Task to carry out – Please reproduce the data exactly, though every picture must stay out.

Information provided –
* * * * *
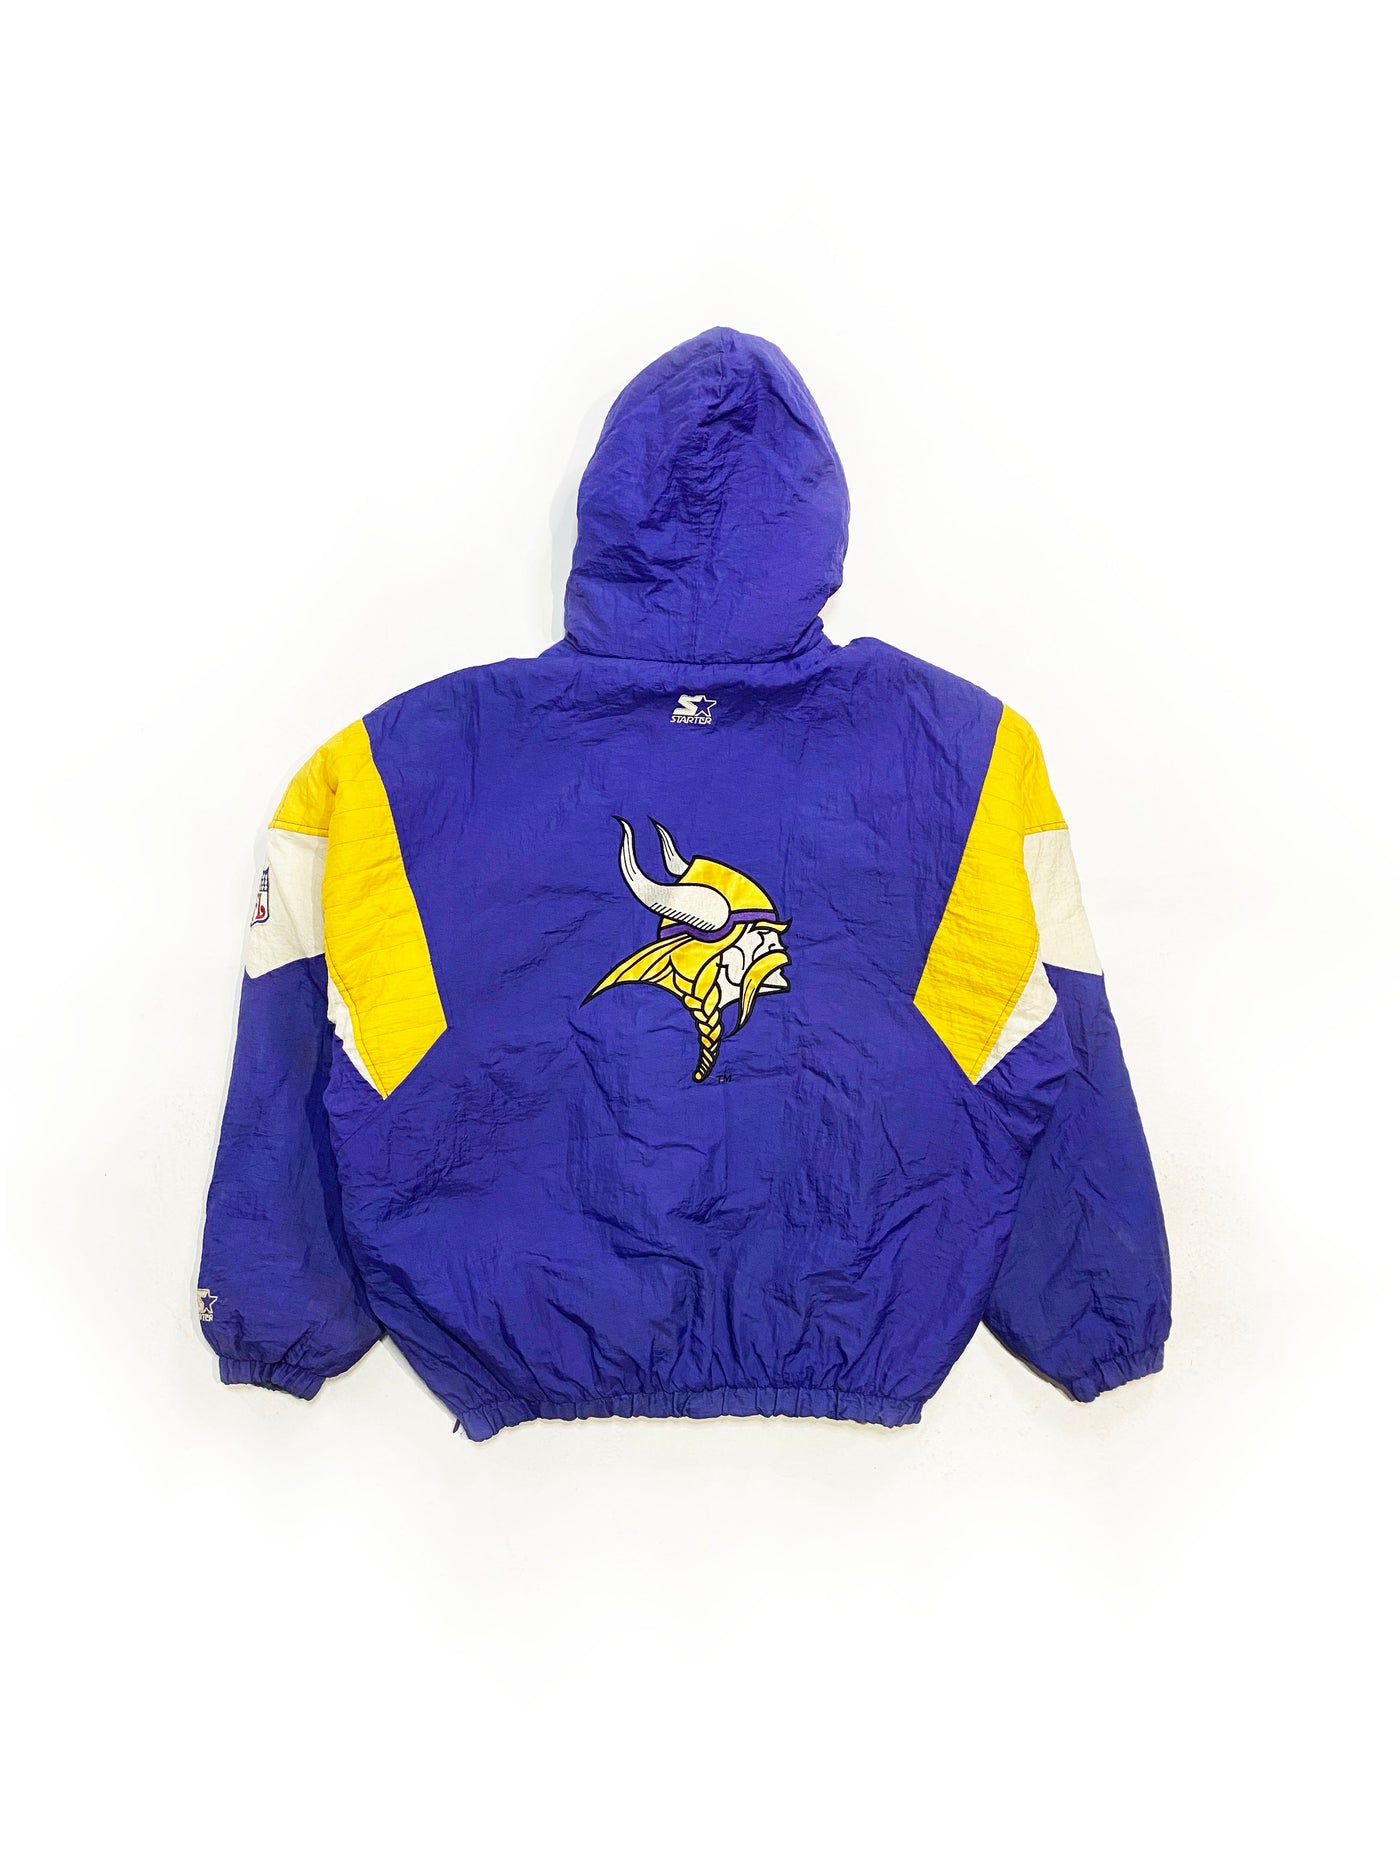 Vintage Minnesota Vikings Starter Jacket
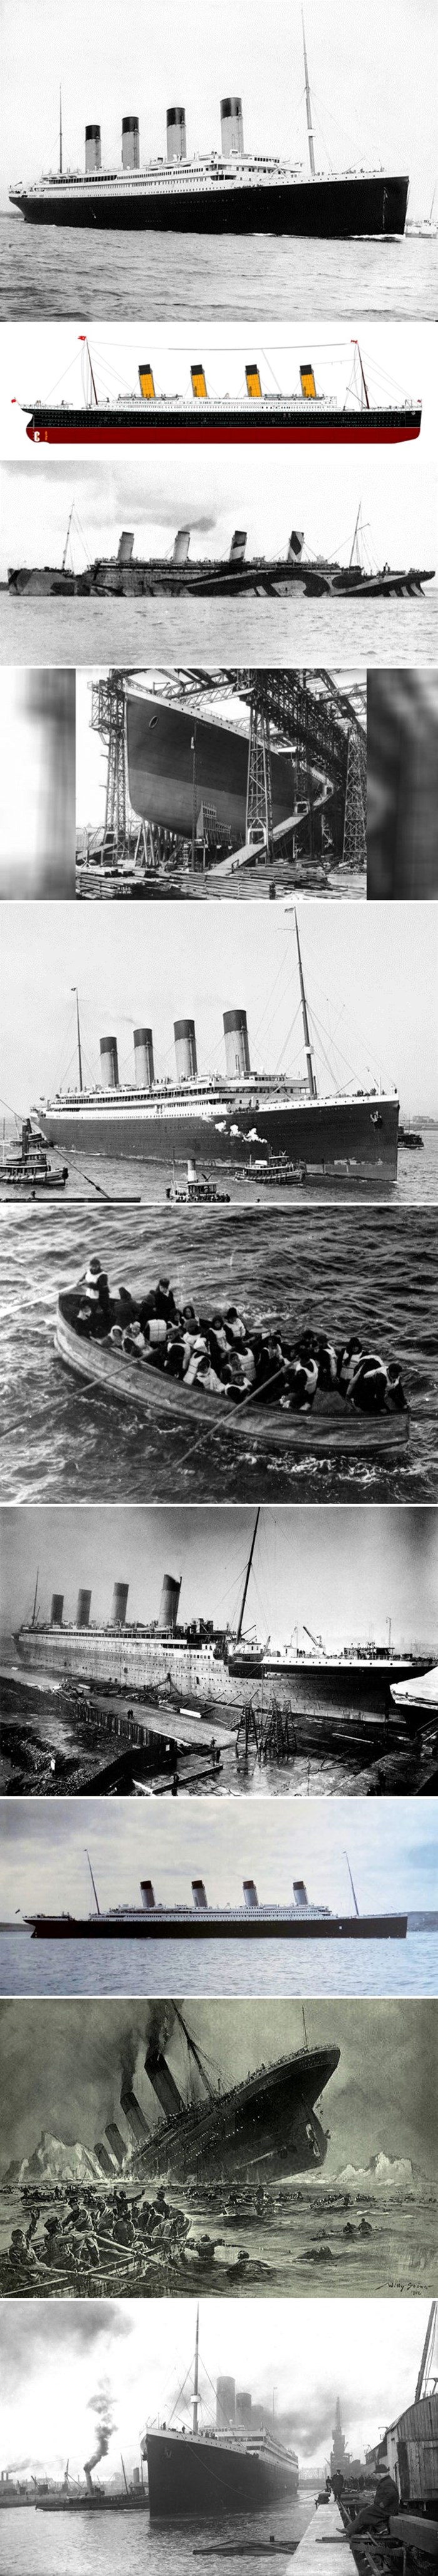 Pojavile su se nove teorije zbog kojih tvrde da Titanic nikad nije potonuo
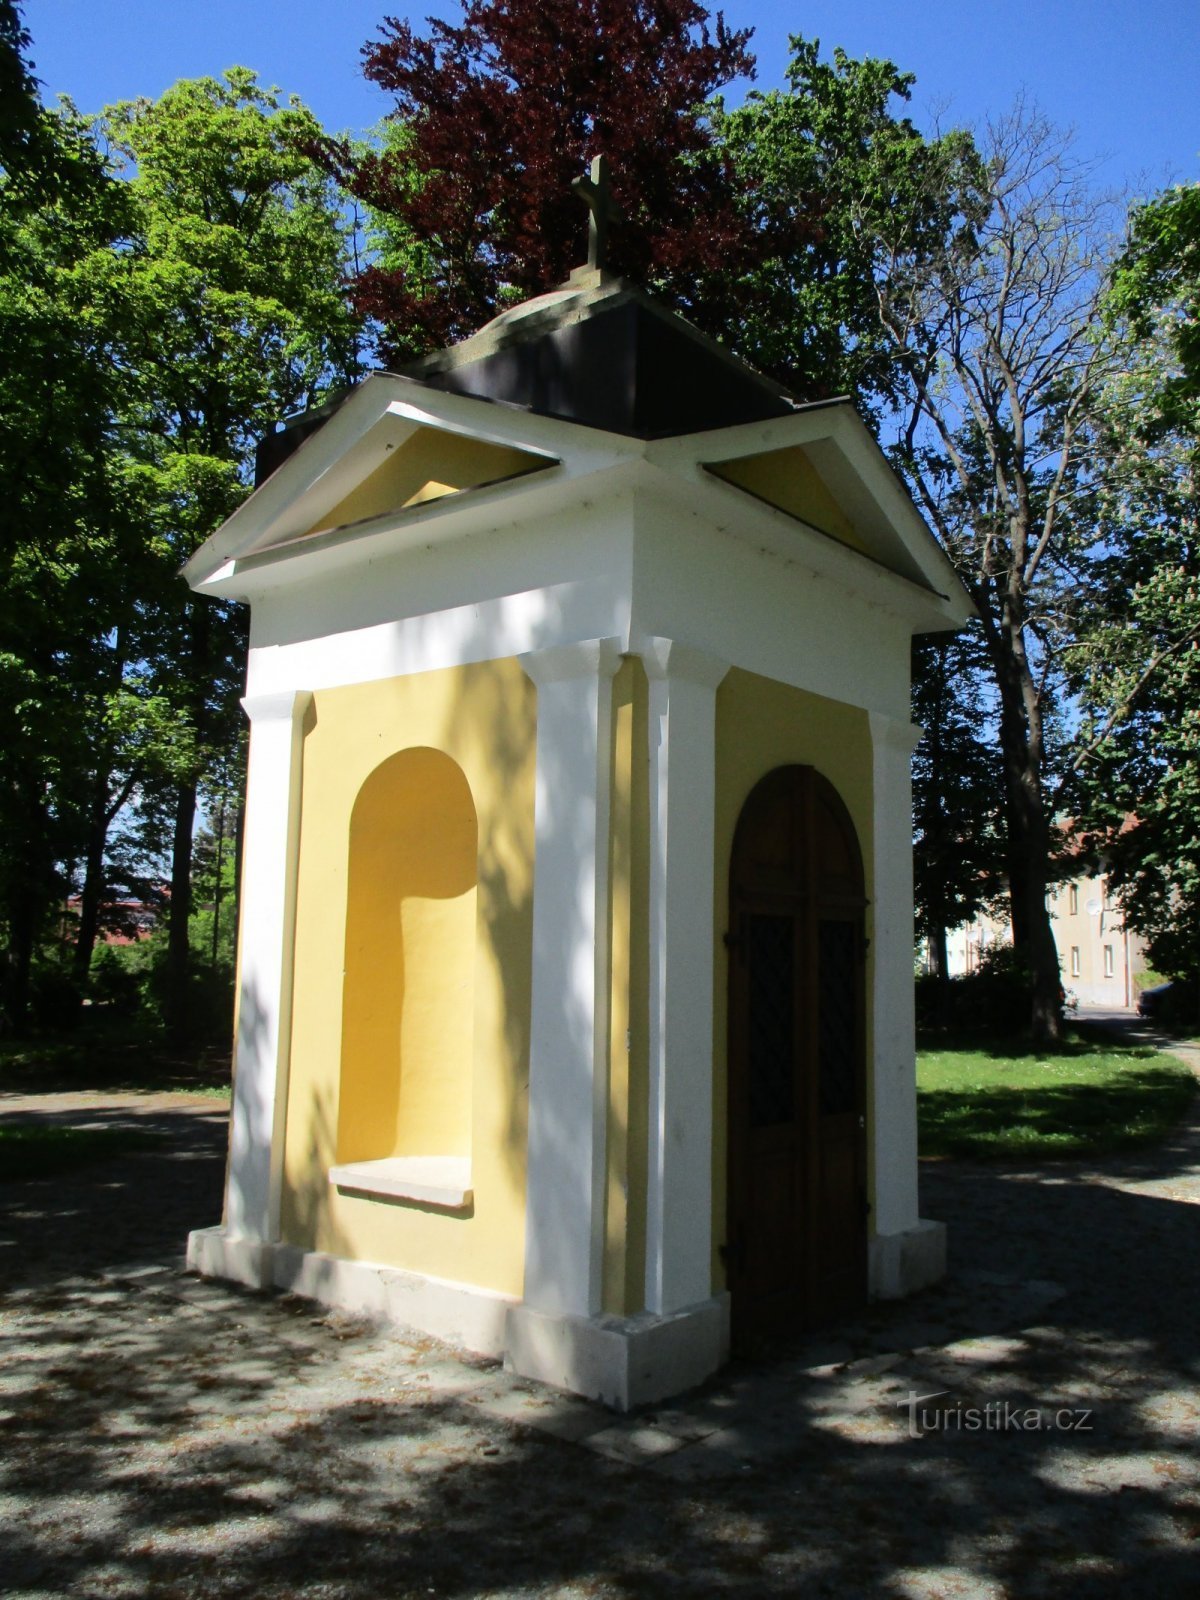 Archlebový sady の礼拝堂 (Dobruška, 18.5.2020/XNUMX/XNUMX)
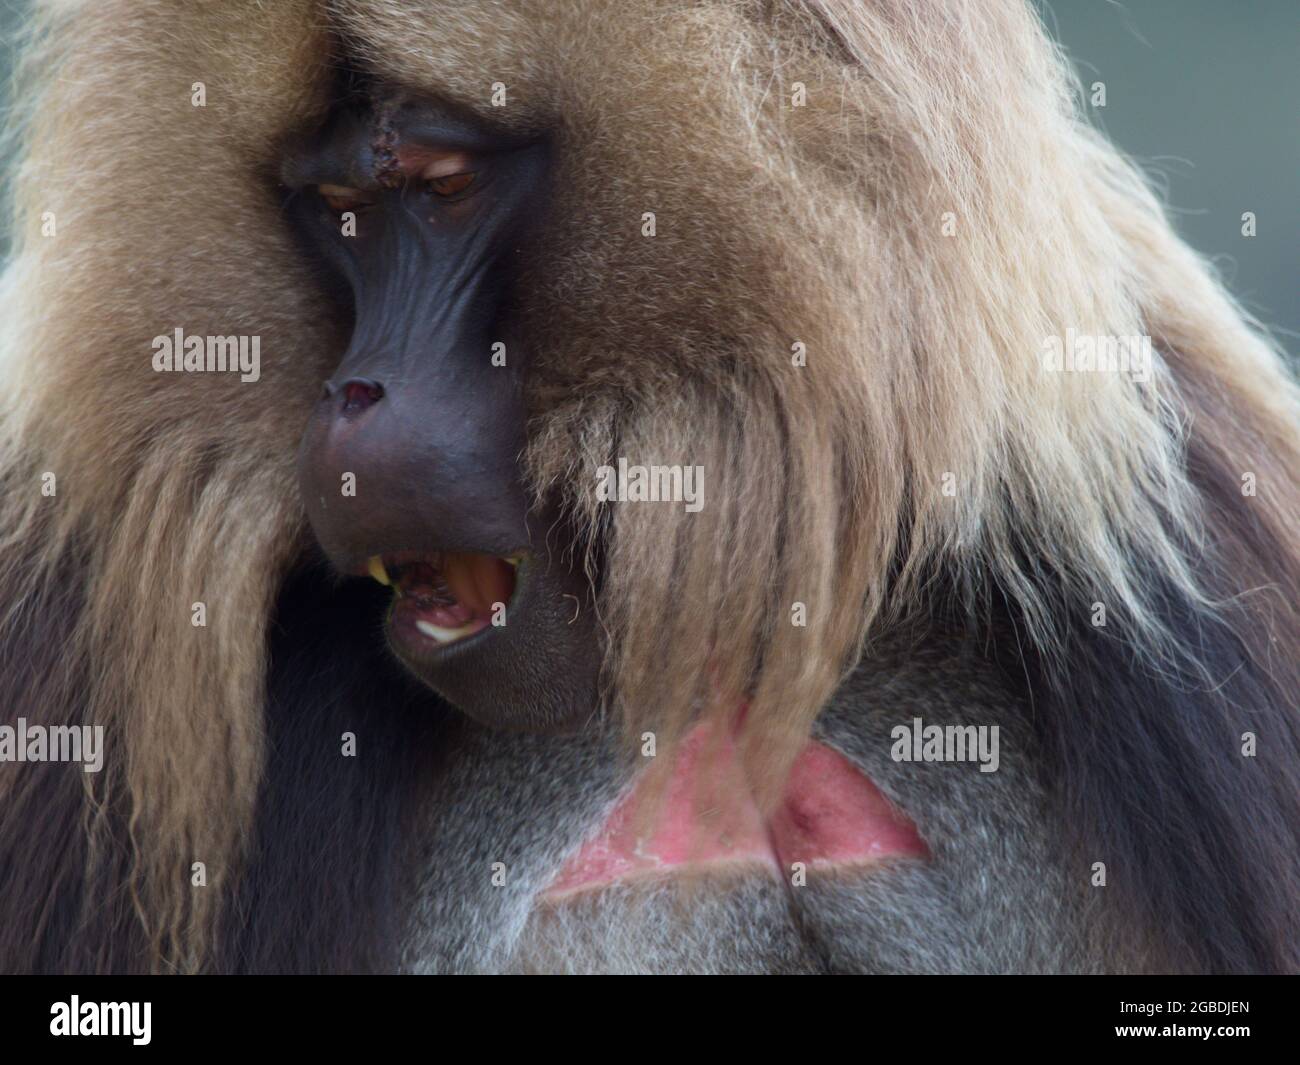 Extreme Nahaufnahme eines erwachsenen Gelada-Affen (Thermopithecus gelada) Gesicht, das direkt auf die Kamera blickt und Zähne zeigt, Simien Mountains, Äthiopien. Stockfoto
* * * * *
Solution for this exercise –
 Vintage Minnesota Vikings Starter Jacket
 Pojavile su se nove teorije zbog kojih tvrde da Titanic nikad nije potonuo
 Archlebový sady の礼拝堂 (Dobruška, 18.5.2020/XNUMX/XNUMX)
 Extreme Nahaufnahme eines erwachsenen Gelada-Affen (Thermopithecus gelada) Gesicht, das direkt auf die Kamera blickt und Zähne zeigt, Simien Mountains, Äthiopien. Stockfoto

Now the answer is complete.